Fibromyalgia is difficult to treat because symptoms are so varied. Treatment typically involves addressing key symptoms of fibromyalgia, including widespread chronic pain and debilitating fatigue. Fortunately, there are several treatment options that can help you find relief from fibromyalgia symptoms.
Treatment for fibromyalgia usually requires a team approach. The team may include your doctor, a physical therapist, and perhaps even a psychologist.
This team approach is important because you may need a comprehensive plan to treat your fibromyalgia.
In-depth Articles on Fibromyalgia Treatments
- Alternative treatments
- How what you eat can help your fibromyalgia: the fibromyalgia diet
- Lifestyle changes
- Physical therapy
- Mental and emotional therapy
Medications are generally the first line of treatment. But before starting any medication—even if it's an over-the-counter medication—discuss it with your doctor. It may have side effects or interactions with other medications you're taking.
Prescription Medications for Fibromyalgia
Fibromyalgia has no known cure, but there are many prescription medications that can address your symptoms. Your doctor will explain your medication options to you and will find the best option for you.
Three prescription medications are FDA-approved to treat fibromyalgia: pregabalin (Lyrica), duloxetine (Cymbalta), and milnacipran (Savella).
Lyrica is an anti-epileptic, and Cymbalta and Savella are anti-depressants.
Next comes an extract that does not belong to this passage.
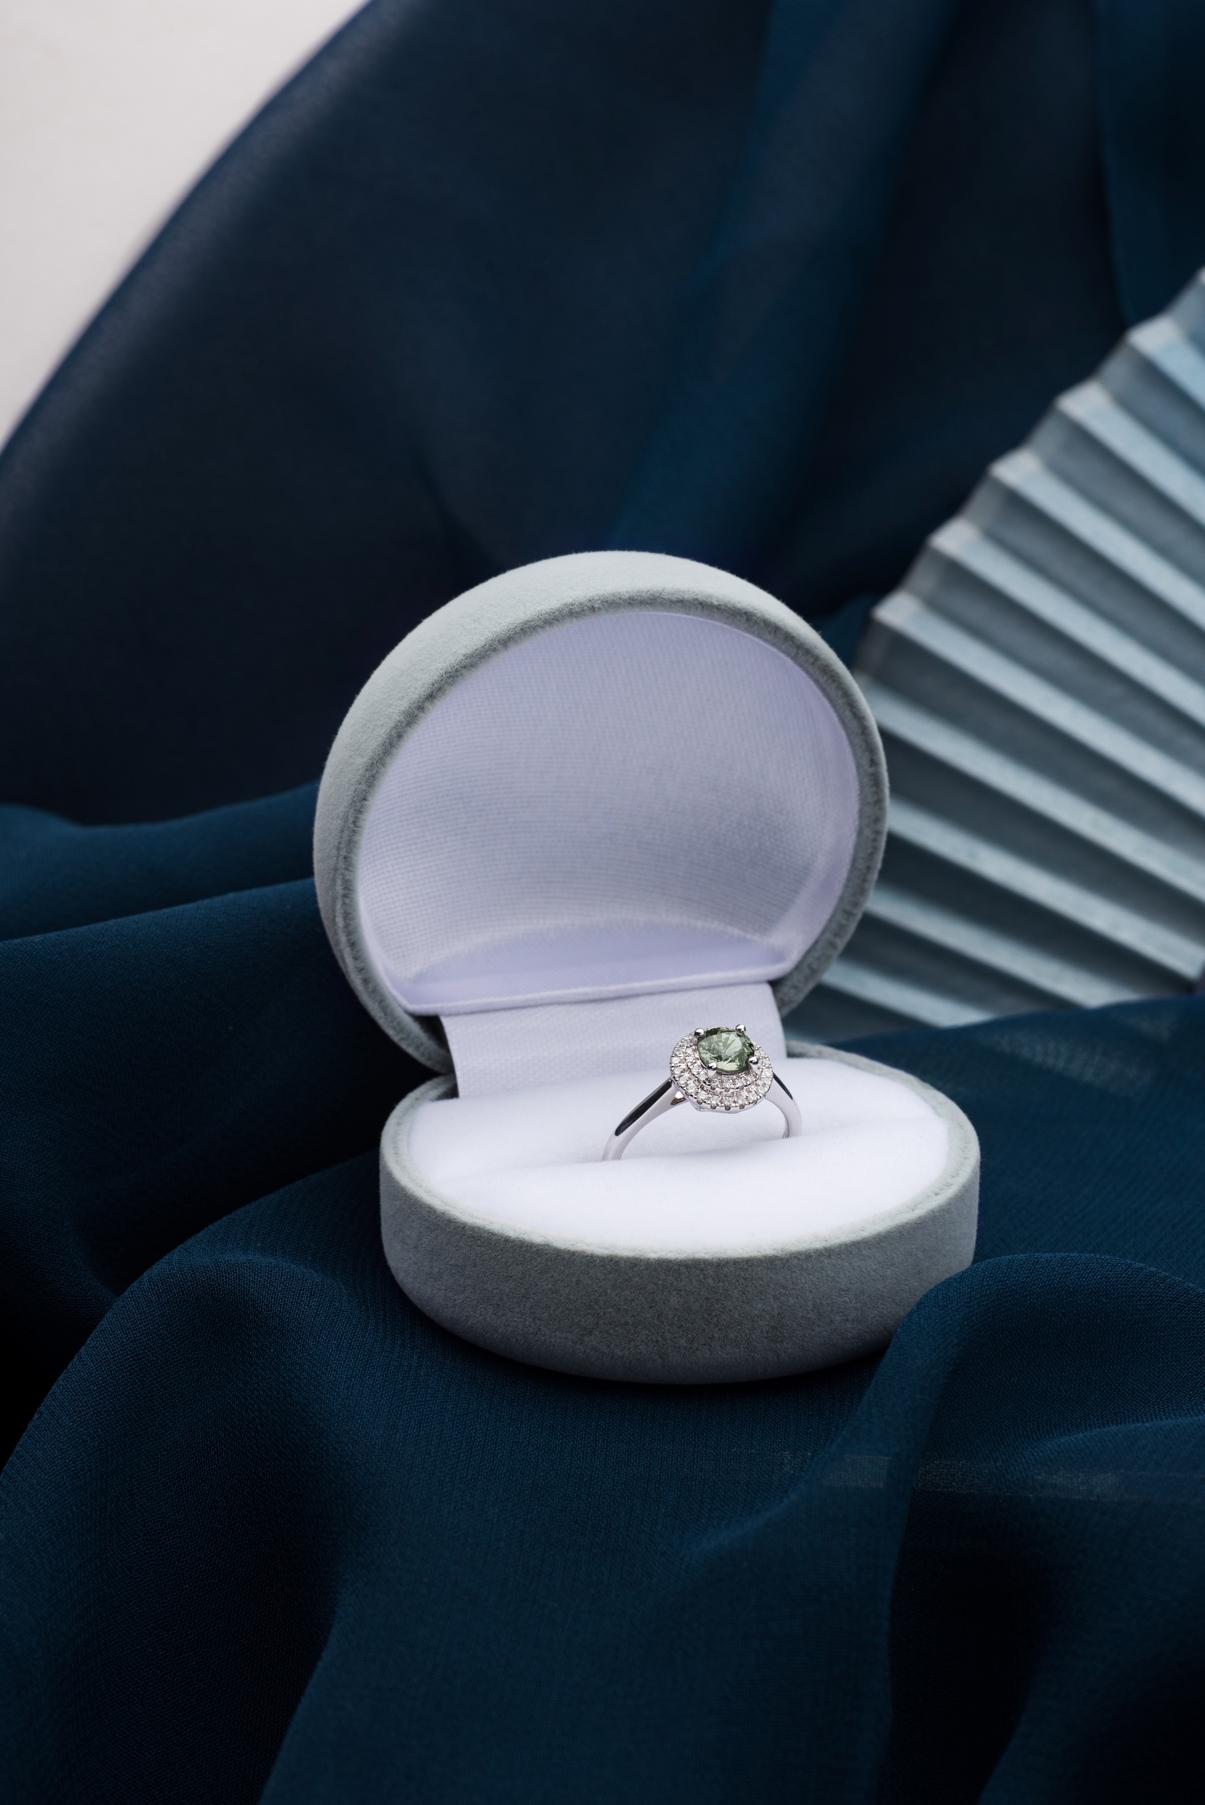 180921_Engagement-Ring_Sapphire_Flat-Lay-1671.jpg

However, these medications are not your only options for treating fibromyalgia—there are a variety of medications that can treat your symptoms.
- Anti-depressants: These medications work to block pain messages from getting to your brain. There are 3 different categories of anti-depressants: tricyclic anti-depressants, serotonin and norepinephrine reuptake inhibitors (SNRIs), and selective serotonin reuptake inhibitors (SSRIs). They each work in different ways.
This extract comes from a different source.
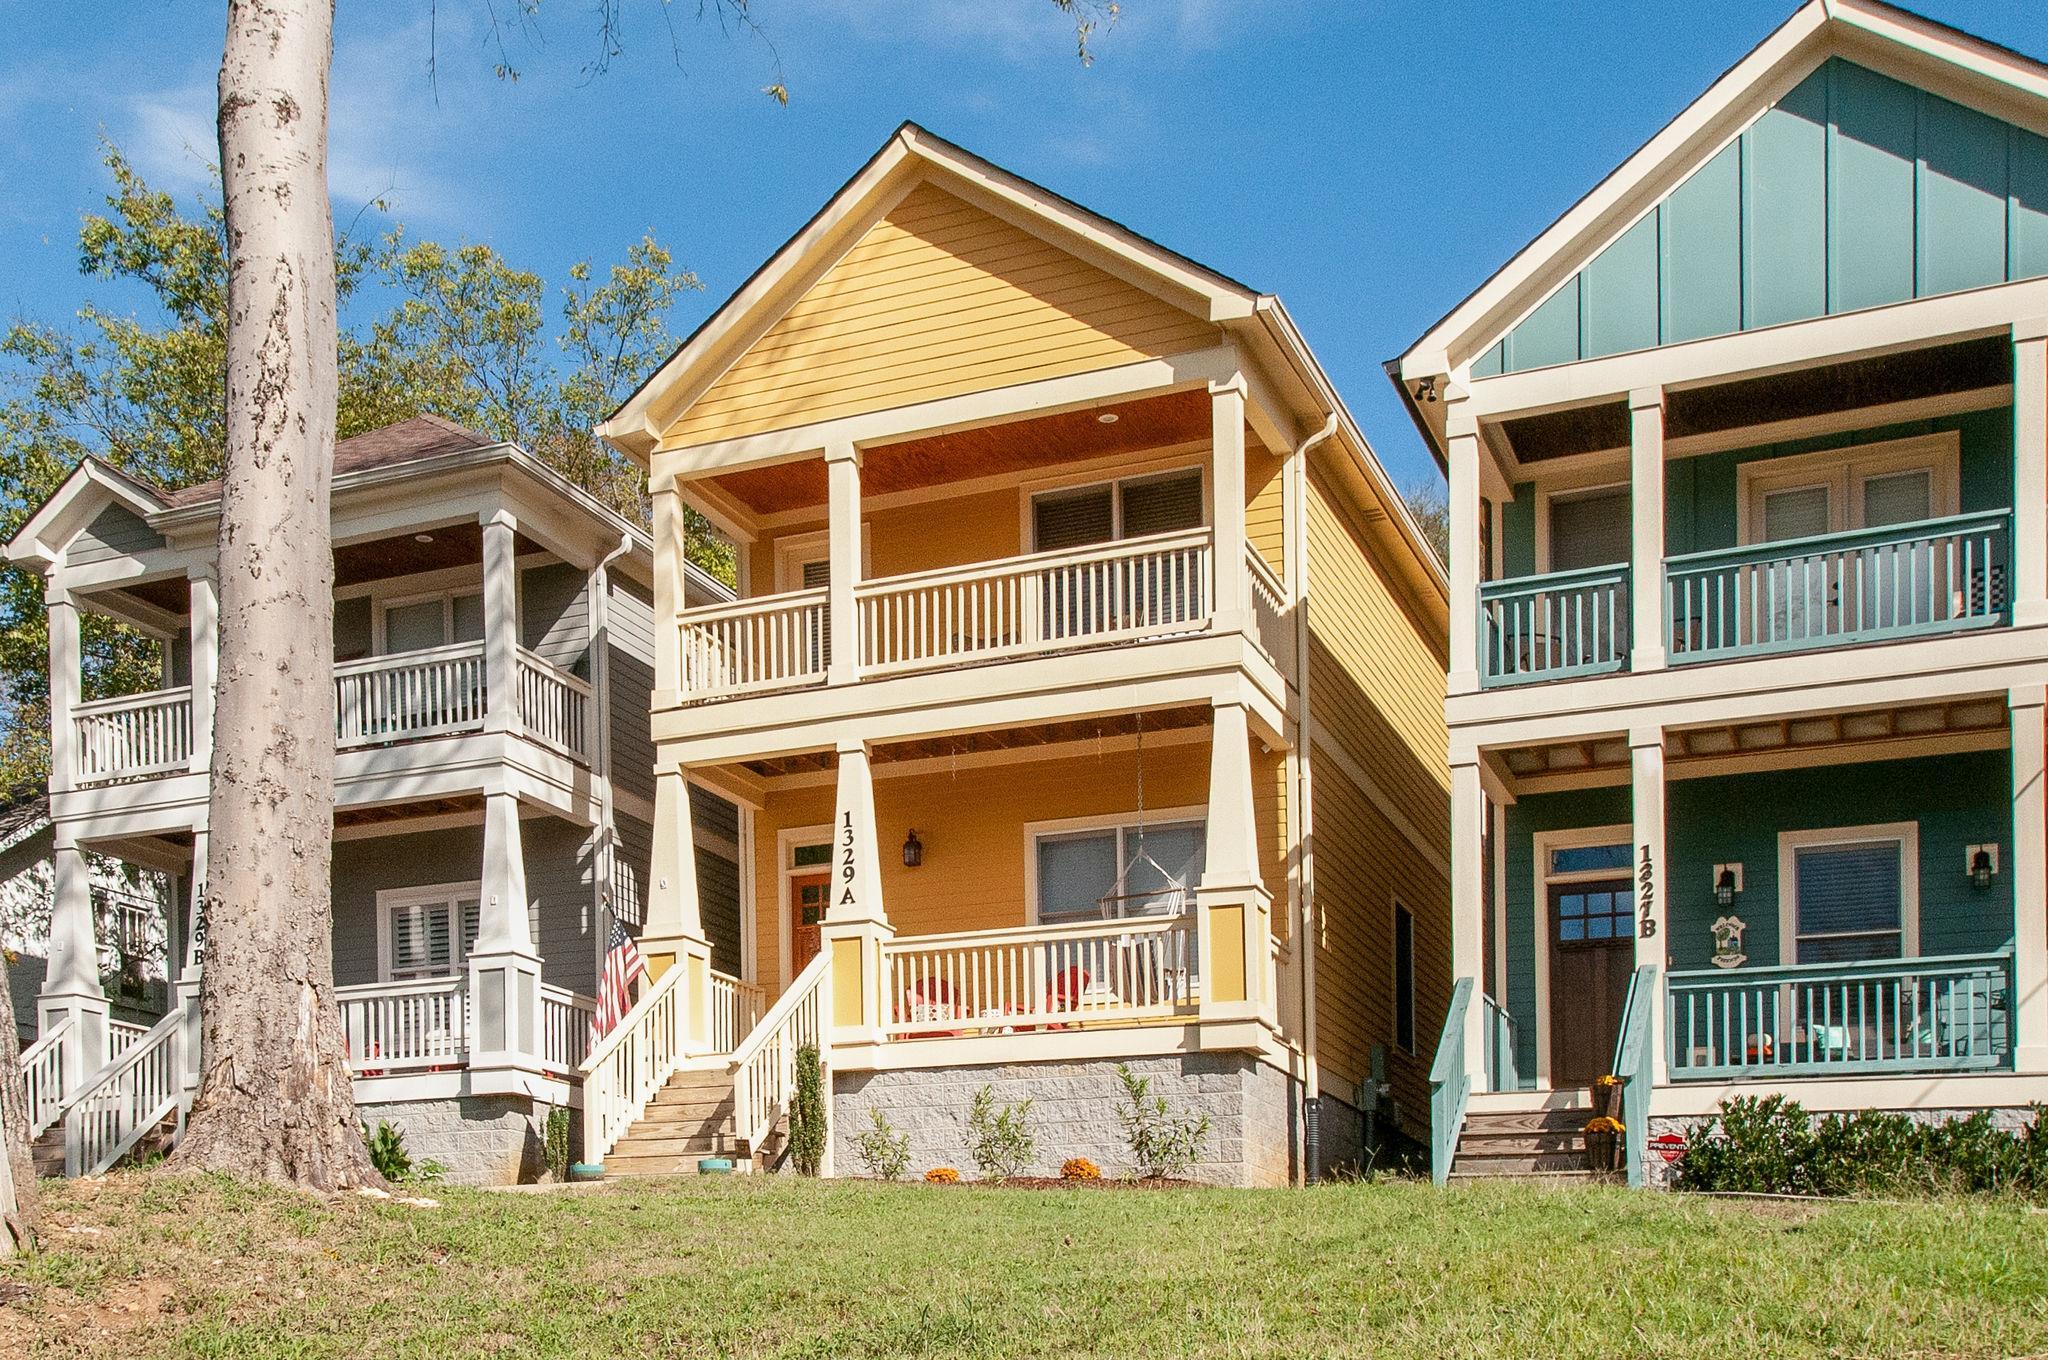 1329A Meridian St, Nashville, TN 37207 - Nashville, TN real estate listing

Some examples of tricyclic anti-depressants for fibromyalgia are: amitriptyline hydrochloride (Elavil) and nortriptyline (Pamelor).
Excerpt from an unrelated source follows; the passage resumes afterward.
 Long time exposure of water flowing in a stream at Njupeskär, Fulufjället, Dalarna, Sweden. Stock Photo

Examples of SNRIs for fibromyalgia are: duloxetine (eg, Cymbalta) and milnacipran (eg, Savella).
And examples of SSRIs for fibromyalgia are: fluoxetine hydrochloride (Prozac) and sertraline hydrochloride (Zoloft).
- Anti- epileptics (anti-convulsants or anti-seizures): These medications slow down nerve signals going to your brain, so the pain message isn't transmitted as well.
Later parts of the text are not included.